1、网络结构
图1 yolo v1 的网络结构(摘自文献You only look once)
这里,所有卷积操作都是'SAME'方式,所以以步长为1的卷积操作过程中,不会影响输出feature map的width和height,feature map大小变化源自于卷积步长和pooling池化操作,而这两种因素都保留了feature map中元素与输入图像块之间的相对位置关系。
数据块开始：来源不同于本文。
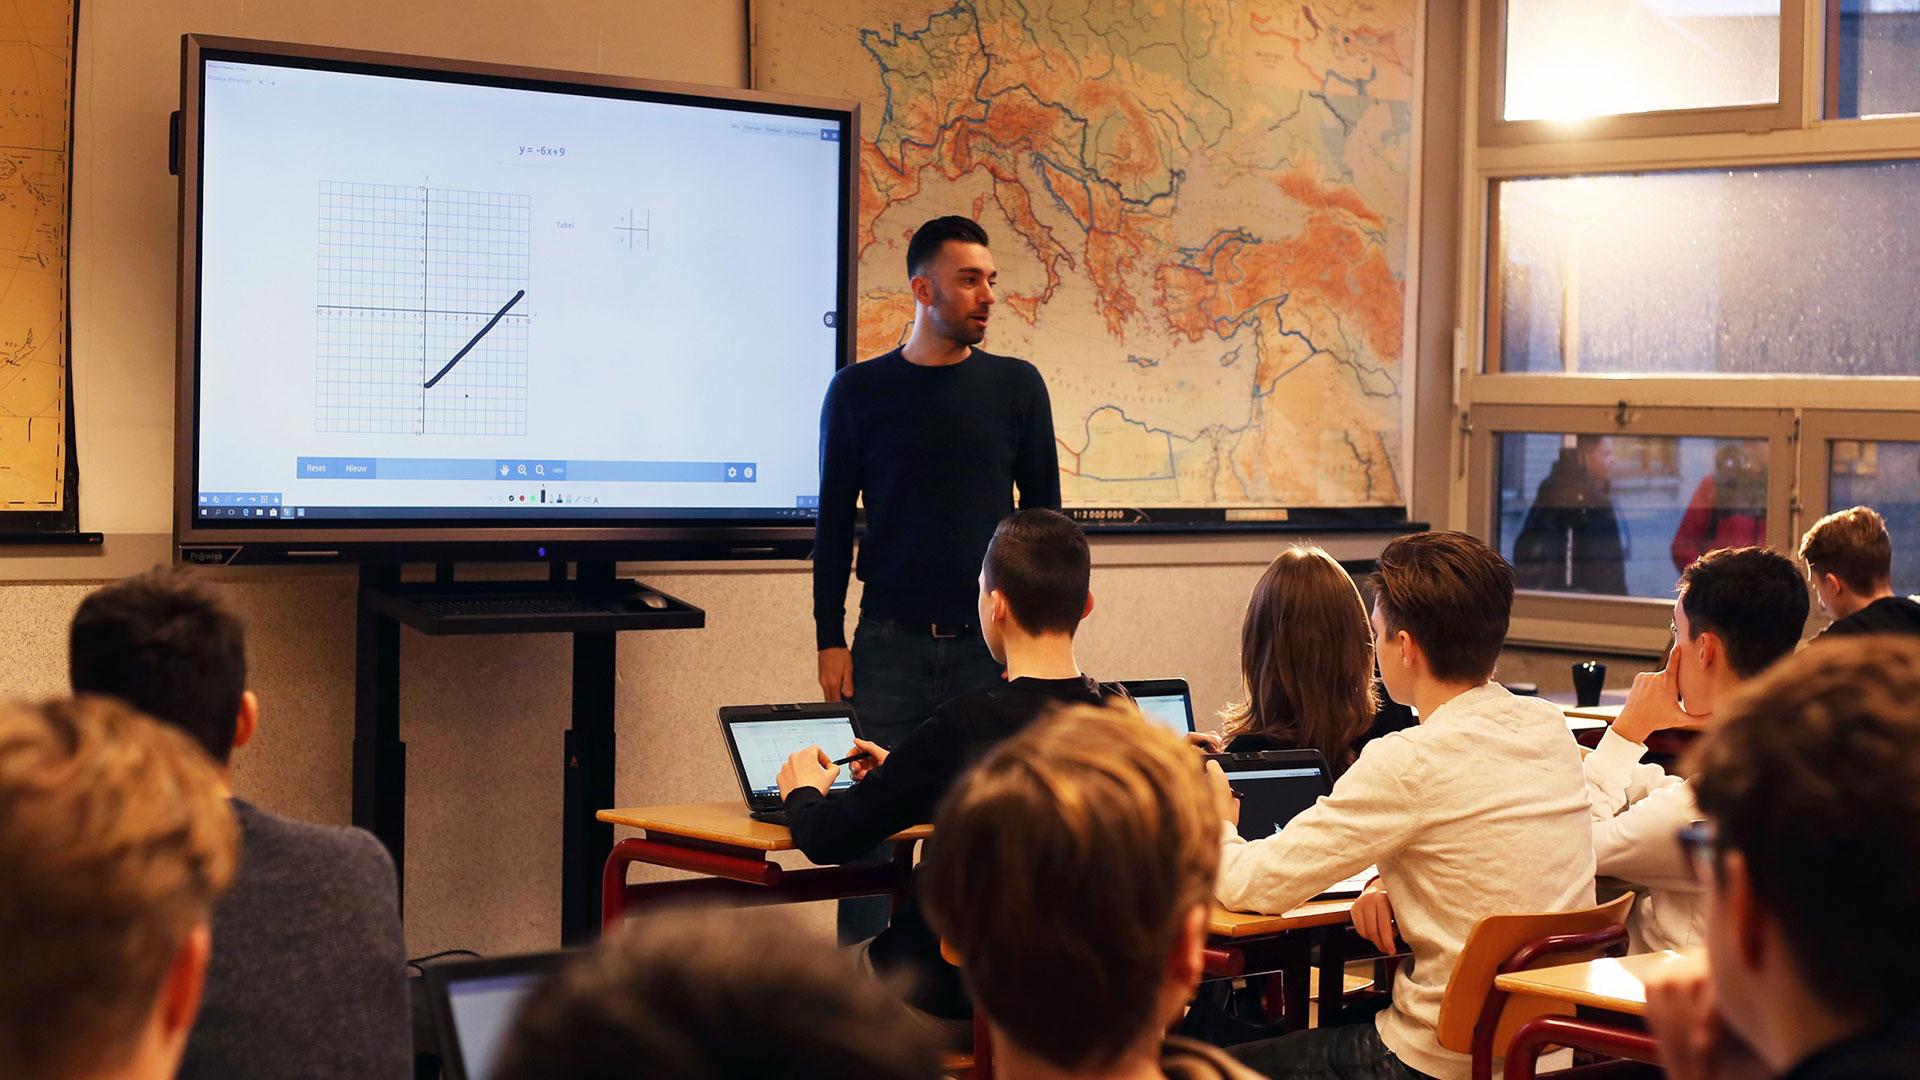 interaktiv-undervisning-prowise-touchscreen-klasserom

因此,尺寸为448x448大小图像,经过一系列卷积层、下采样层之后,最终输出7x7大小feature map,feature map中每个cell对应于输入图像中图像块大小为:448/7 = 64,相当于将输入图像分割成7x7个图像块,就可以将图像与输出feature map对应起来,这里对应于论文中说的将图像分成SxS个格子。
构建网络的代码为:
def build_network(self, images, keep_prob=0.5, is_training=True, scope='yolo'):
with tf.variable_scope(scope):
with slim.arg_scope([slim.conv2d, slim.fully_connected],
activation_fn=leaky_relu(self.alpha),
weights_initializer=tf.truncated_normal_initializer(0.0, 0.01),
weights_regularizer=slim.l2_regularizer(0.0005)):
# padding:上下左右、上下左右...
net = tf.pad(images, np.array([[0, 0], [3, 3], [3, 3], [0, 0]]), name='pad_1')
# 经过padding之后,相当于'SAME'方式的conv
# c = 64, f = 7, s = 2 ==> 64 x 224 x 224
net = slim.conv2d(net, 64, 7, 2, padding='VALID', scope='conv_2')
# max-pooling
# f = 2, c = 2, p = 'SAME' ==> 64 x 112 x 112
net = slim.max_pool2d(net, 2, padding='SAME', scope='pool_3')
# c = 192, f = 3, s = 1 ==> 192 x 112 x 112
net = slim.conv2d(net, 192, 3, scope='conv_4')
# max-pooling
# f = 2, c = 2, p = 'SAME' ==> 192 x 56 x 56
net = slim.max_pool2d(net, 2, padding='SAME', scope='pool_5')
# 默认padding为'SAME'
# c = 128, f = 1, s = 1 ==> 128 x 56 x 56
net = slim.conv2d(net, 128, 1, scope='conv_6')
# c = 256, f = 3, s = 1 ==> 256 x 56 x 56
net = slim.conv2d(net, 256, 3, scope='conv_7')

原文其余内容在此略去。